Safety Office, Commissary Building
University of Waterloo
200 University Avenue West
Waterloo, Ontario, Canada N2L 3G1
Phone 519 888 4567 Ext. 33587
Fax 519 886 8082
Email: safety@uwaterloo.ca
Any chemical used in a laboratory should be handled with care and according to laboratory procedures. Before performing work involving chemicals, safe handling procedures and the chemical's Safety Data Sheets (SDS) must be reviewed. If mixing chemicals, the reactivity of each must be reviewed to avoid adverse chemical reactions. Chemicals are hazardous for many reasons.
Many chemicals used in laboratories may be toxic. Toxicity depends on the quantity, frequency and duration of exposure, or the dose. Toxic effects can be local (at the site of exposure) or systemic (at another site in the body), acute or chronic. When dealing with toxic chemicals, it is important to consider the route of exposure and the target organ to ensure that proper controls are adhered to.
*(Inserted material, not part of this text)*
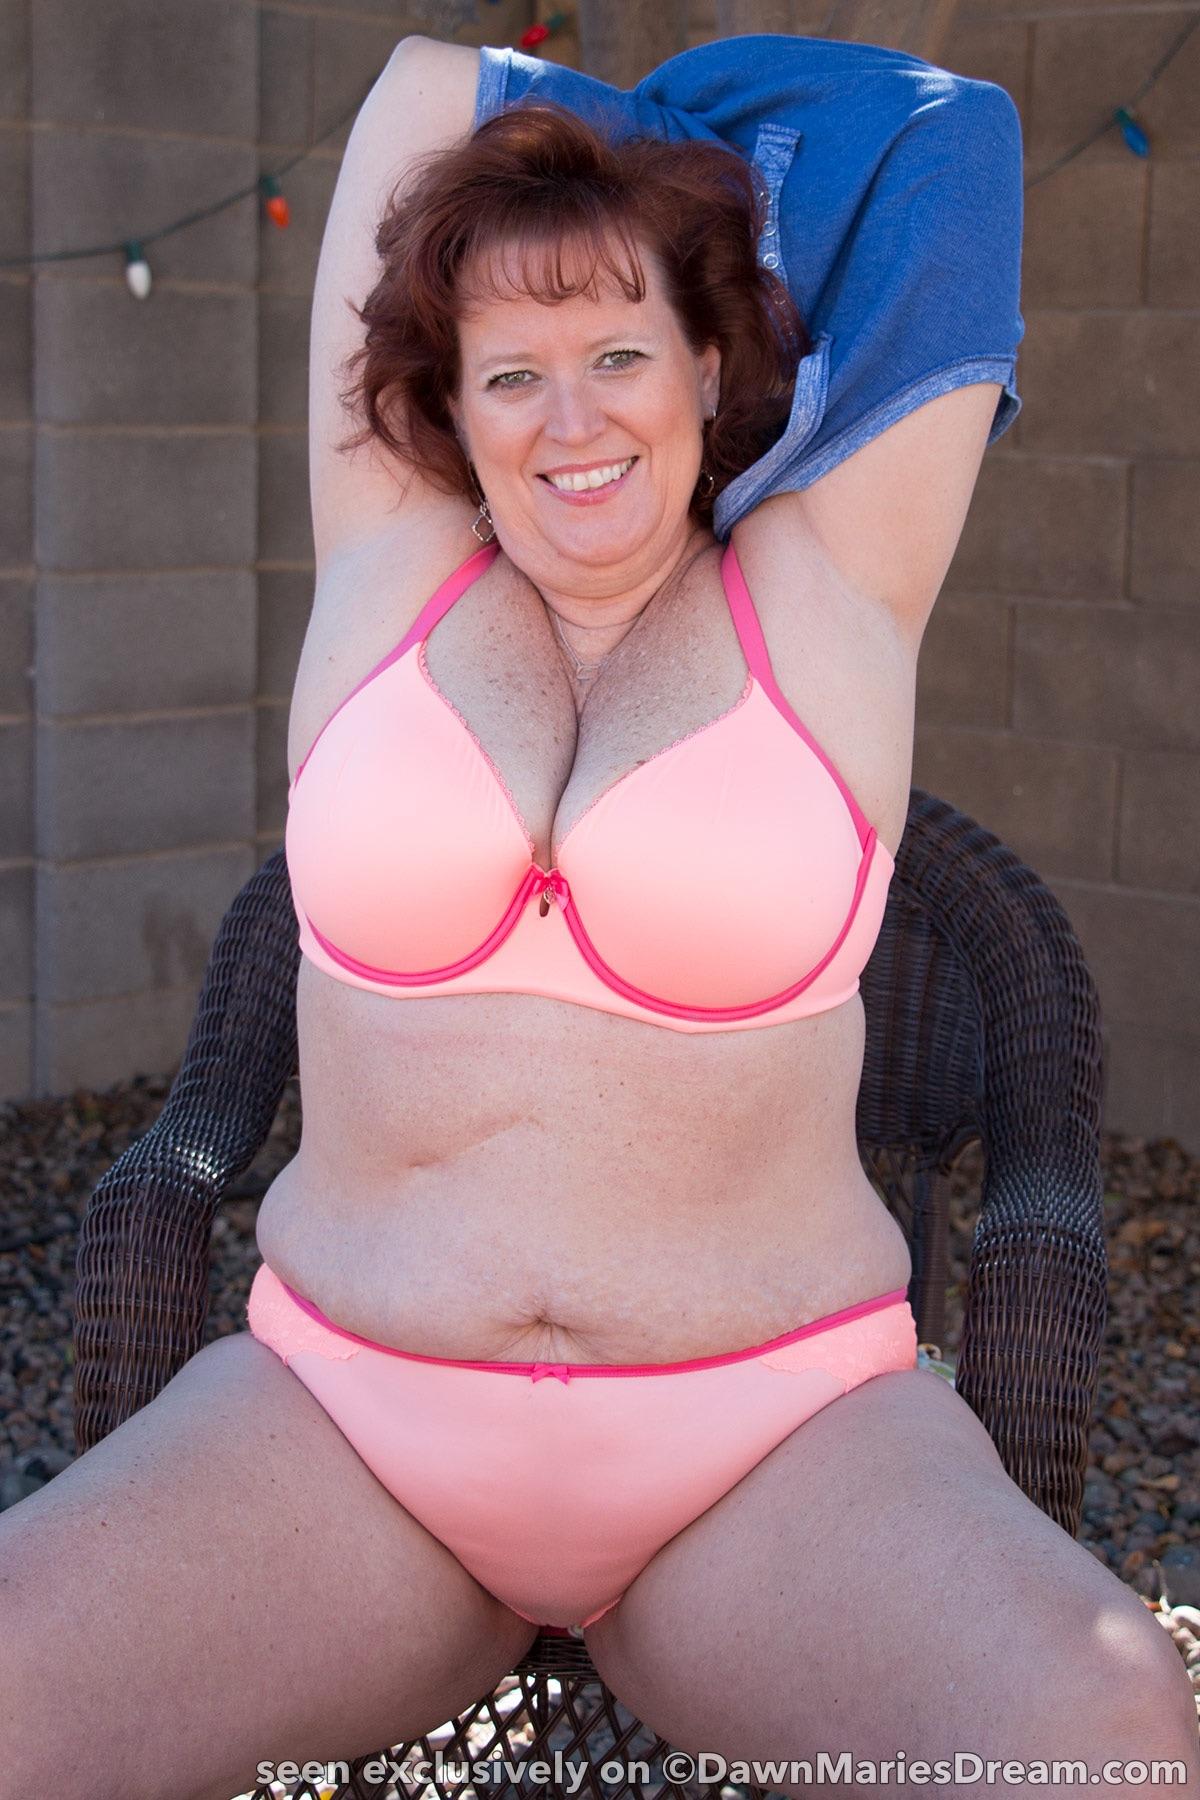 dawn marie shows her boobs
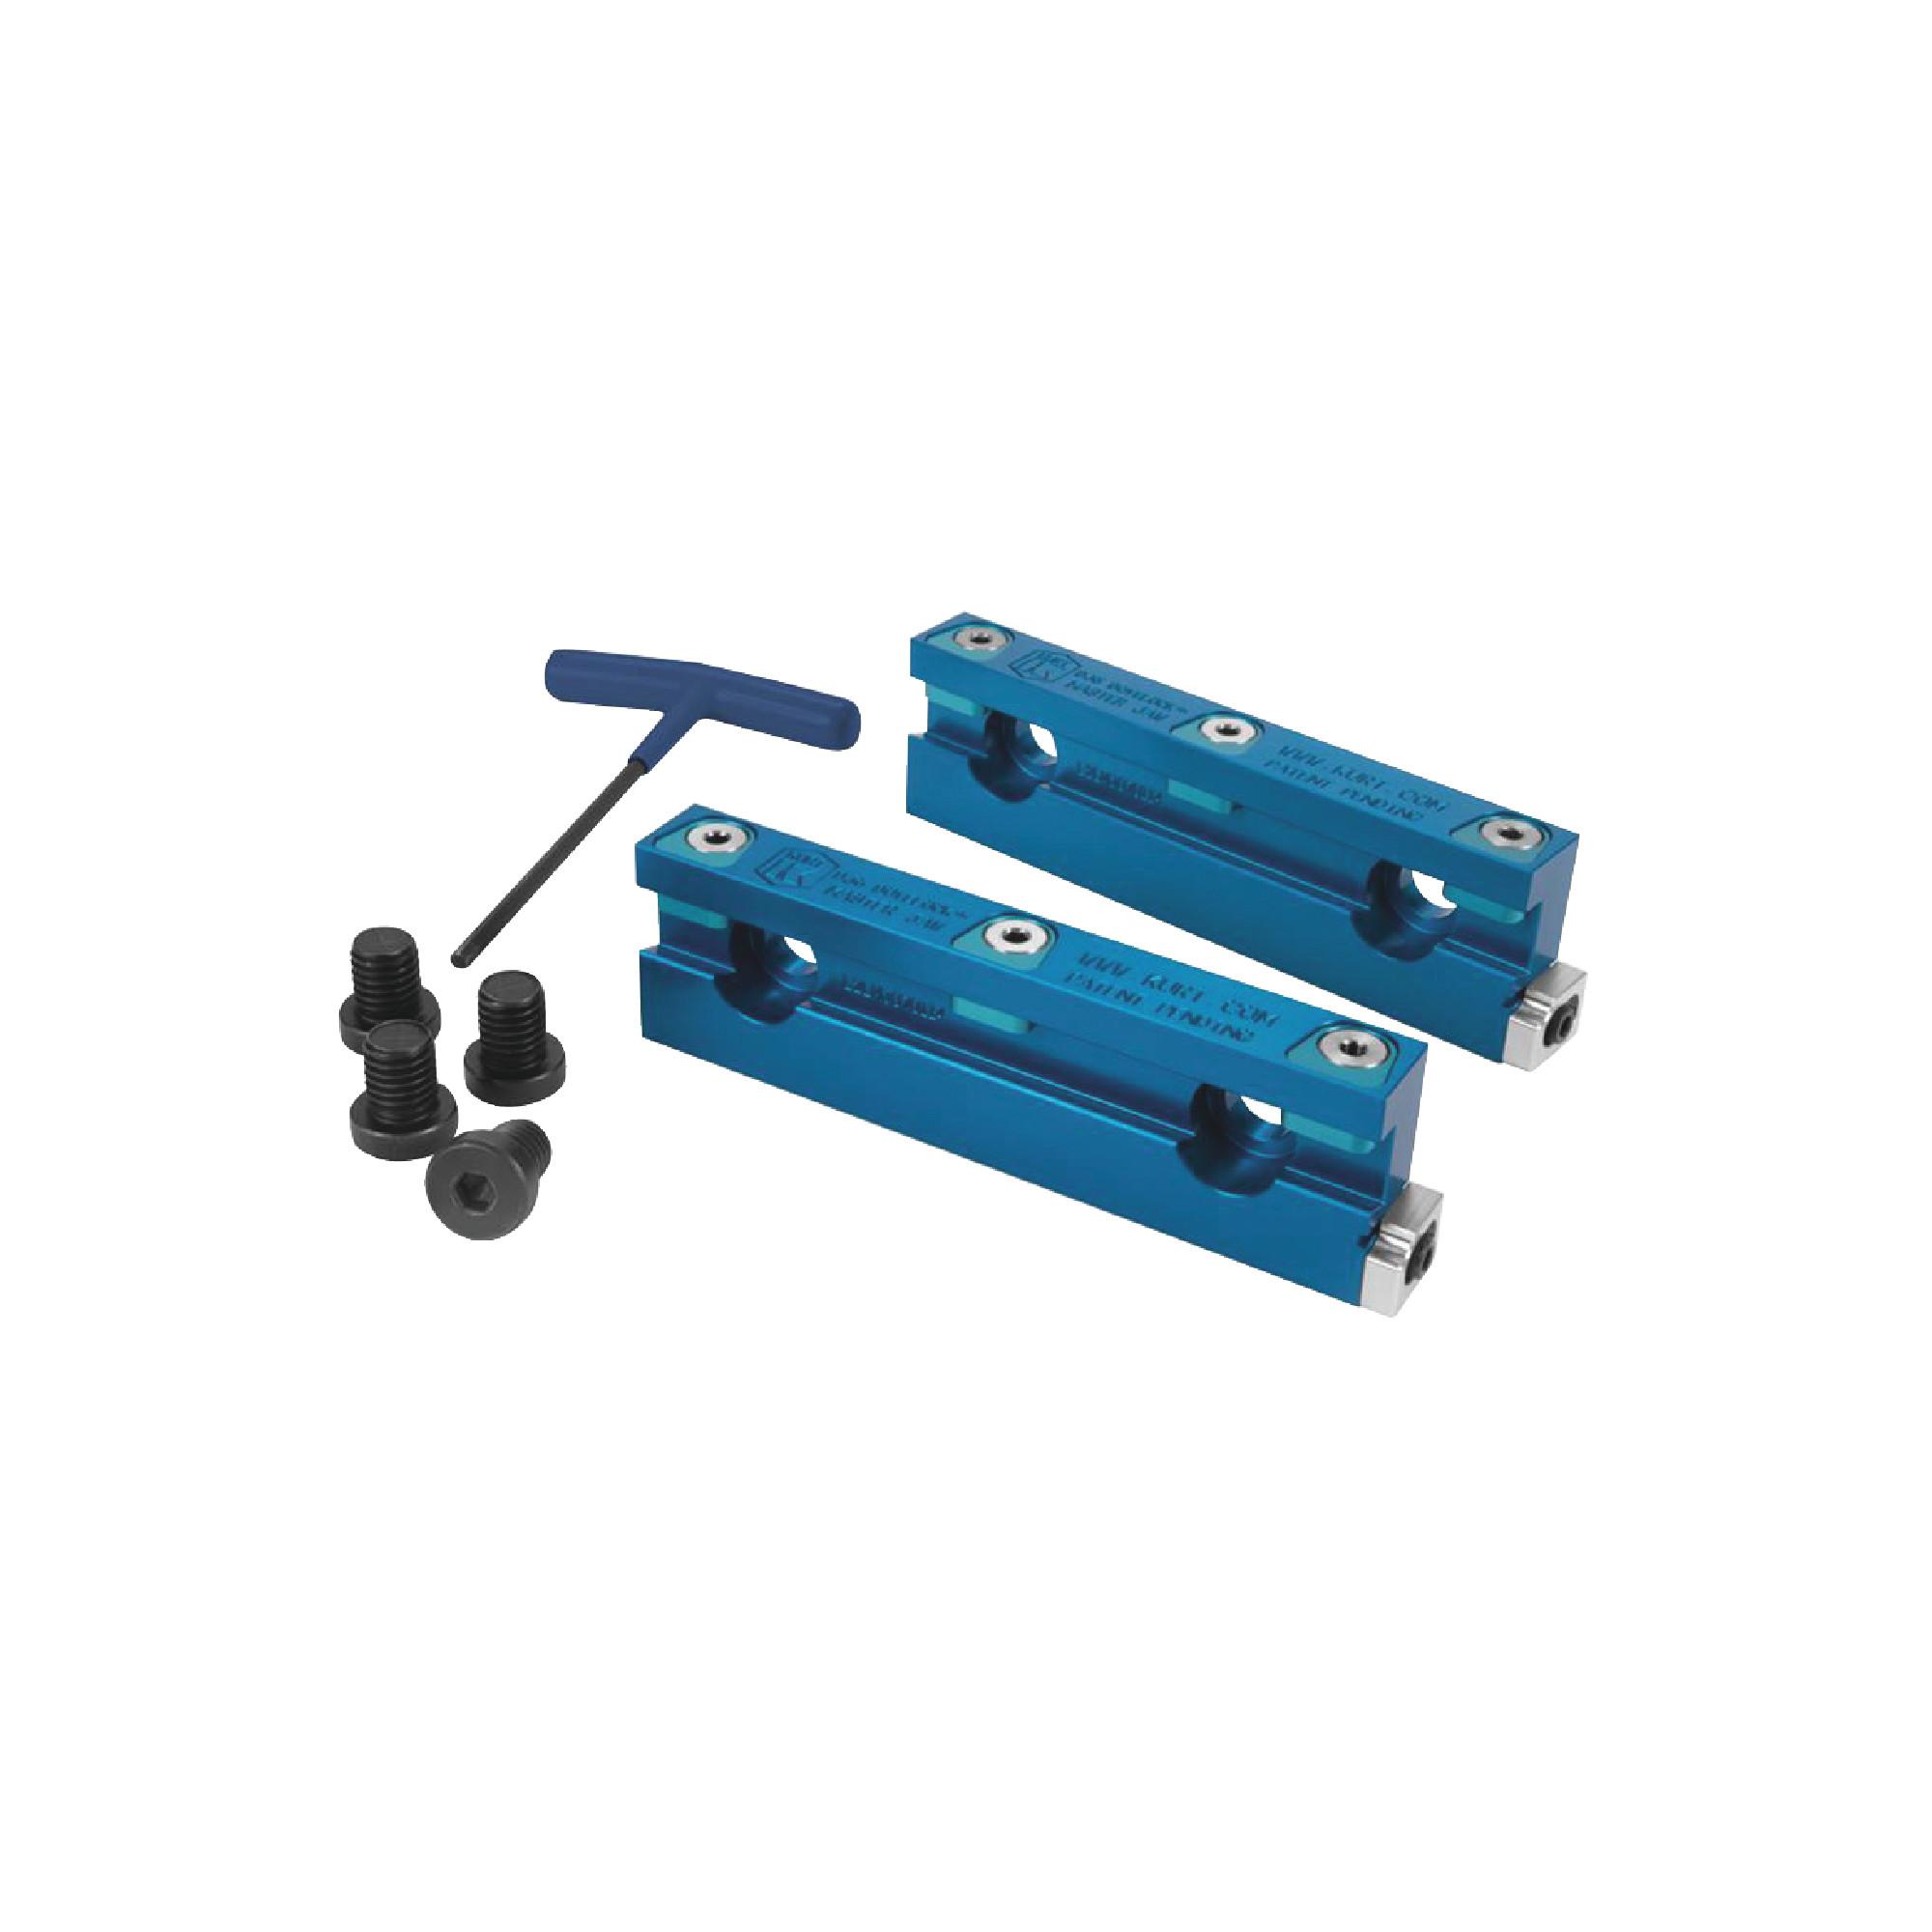 DoveLock™ Quick Change Metric Master Jaw Kit

When planning and conducting experiments, it is critical to recognize that the combination of toxic effects of two or more substances may be significantly greater than that of one substance alone. Toxic reaction products can be much more dangerous than the starting reagents. Many cases of toxic reaction products occur when chemicals are mixed unintentionally. This can occur due to improper labelling, mishandling of chemicals and spills.
Laboratory workers must be able to recognize the potential hazards present to prevent exposure to toxic chemicals, and in the event of accidental exposure, know the procedures for emergency, spill response and first aid.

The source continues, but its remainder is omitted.